# Rossini Turk vs Italian Poll



## SixFootScowl (Oct 17, 2011)

What is your preference on these two Rossini operas:

Il Turco in Italia

L'Italiana in Algeri


----------



## nina foresti (Mar 11, 2014)

I'm just not normally a Rossini-ite.


----------



## The Wolf (Apr 28, 2017)

Both


----------



## SixFootScowl (Oct 17, 2011)

nina foresti said:


> I'm just not normally a Rossini-ite.


I'll admit, there is a lot of Rossini opera that if taken in too big of doses can have an effect similar to that of eating way to much candy.

I tend to prefer Donizetti and Bellini in the big-3 of Italian opera department.


----------



## Taplow (Aug 13, 2017)

While I prefer Rossini's serious operas, there is much to commend the comic. Both Italiana and Turco rank lower for me than Barber and Ory, possibly even Cenerentola. But then again I need to listen to both more. Saw a production of Turco recently that went a bit over the top in the staging, turning it into pure, unadulterated slapstick. My current vote is for Italiana, but that may change. Viva la libertà di scelta!


----------



## Pugg (Aug 8, 2014)

Like both, prefer Italian in Algeri and especially the one with _Agnes Baltsa,_ which by the way is having her birthday today.


----------



## Rossiniano (Jul 28, 2017)

Both, but with a preference for _Italiana in Algeri. _However, while _Italiana_ is more fun, there are many great tunes in _Turco_ as well. Plus, the Pirandello-like aspect of _Turco's_ plot is a definite asset. It's too bad that the entire score of _Turco_ was not available in the 1950's as even in its truncated version with Fiorilla's big aria missing Callas still takes the honors as the best on records! I can only imagine what she would have done with that magnificent aria! Still, just the way that she sings the line "Che bel Turco" with a sly smile in her voice is alone worth the price of admission!


----------



## Rossiniano (Jul 28, 2017)

Addendum to the above post: I have a soft spot for the old mono Giulini recording of _Italiana_ with Simionato and Valetti. It is the most heavily cut and the score is pre-Critical Edition, but there has a certain precision that Giuliani gets that eludes most other commercial recordings. In essence it contains the fewest notes of all the recordings , but captures the essence of Rossini (albeit on Giulini's terms) better than most.

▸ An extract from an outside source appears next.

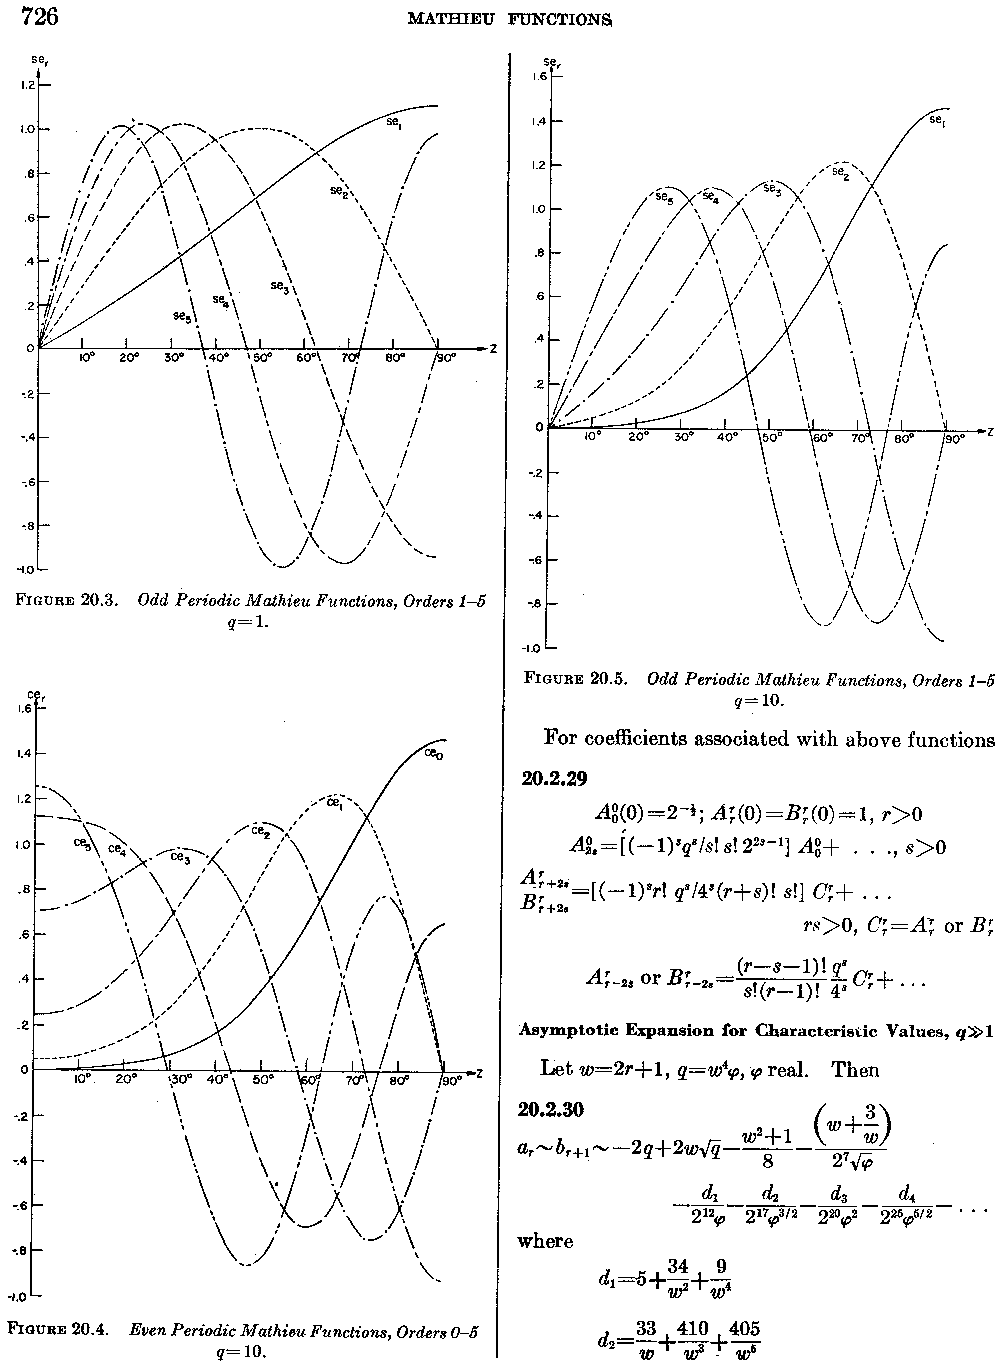 Applied Mathematics Series 55, p. 726

My favorite modern versions are both live recordings from the MET (2004 and 2016) and both with James Levine conducting who manages to achieve a similar precision. He also includes the longer aria for Lindoro in the second act plus the more sensuous sounding cello version of Isabella's "Per lui che adoro" also in Act Two. Levine also includes both numbers on the earlier MET DVD with a slightly over the hill Marilyn Horne, but there are tenor problems with that release.


----------



## Itullian (Aug 27, 2011)

Love Italiana. a wonderful opera.

Turco isn't in the same league. Don't listen to it any more.


----------